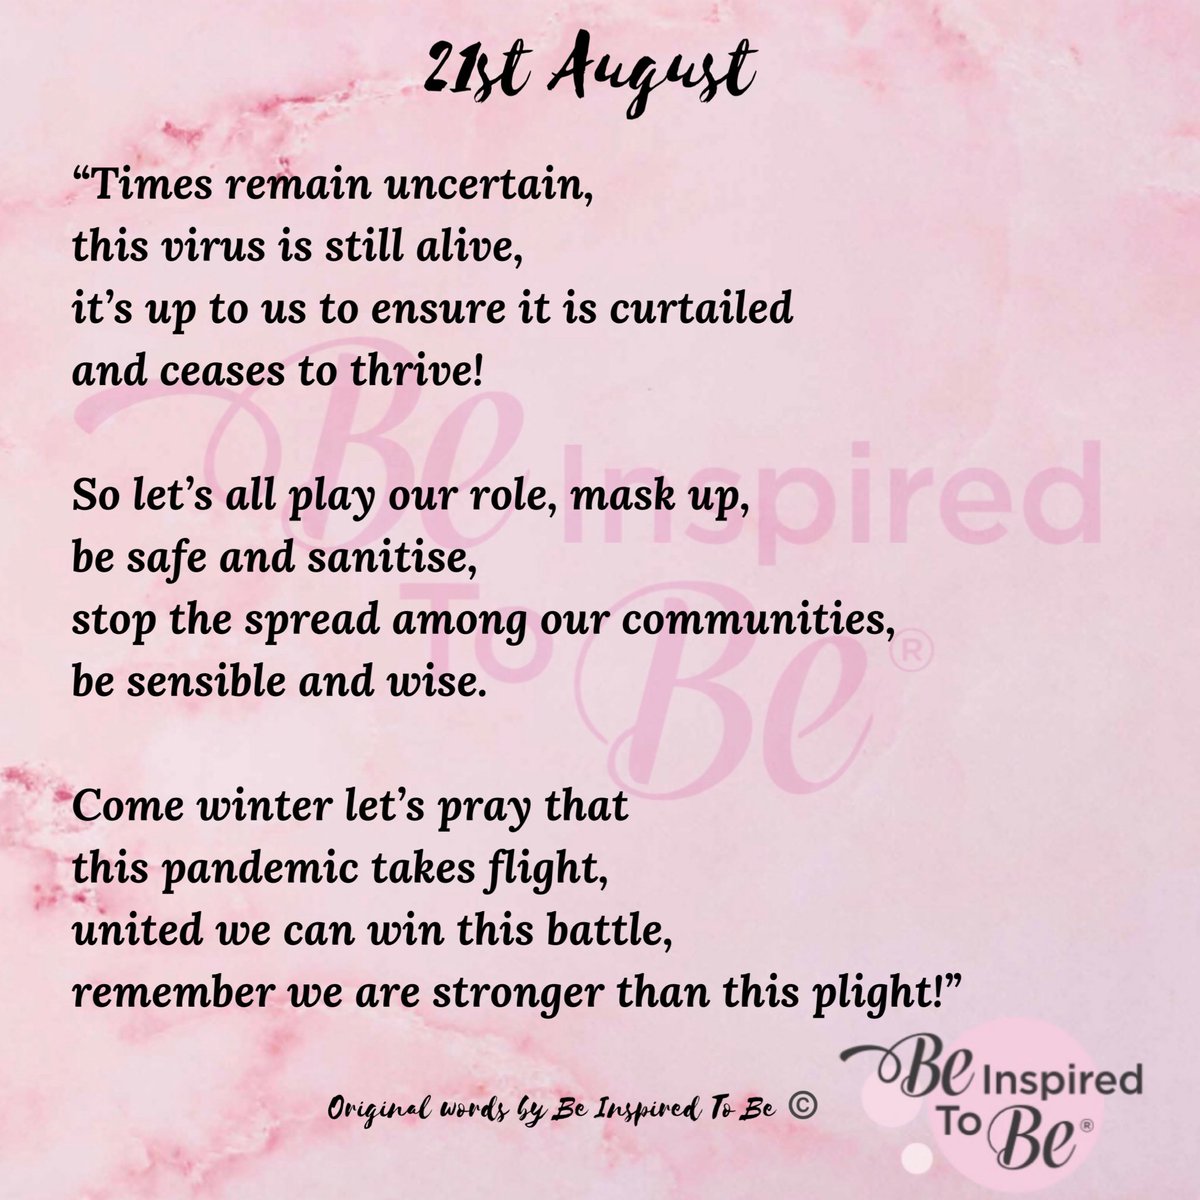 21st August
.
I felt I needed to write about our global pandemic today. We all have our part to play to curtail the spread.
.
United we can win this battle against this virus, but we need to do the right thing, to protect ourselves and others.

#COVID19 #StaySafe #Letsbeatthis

-=-=-=-=-

Without changing a word, transcribe all of the data and omit its images.

 21st August
.
I felt I needed to write about our global pandemic today. We all have our part to play to curtail the spread.
.
United we can win this battle against this virus, but we need to do the right thing, to protect ourselves and others.

#COVID19 #StaySafe #Letsbeatthis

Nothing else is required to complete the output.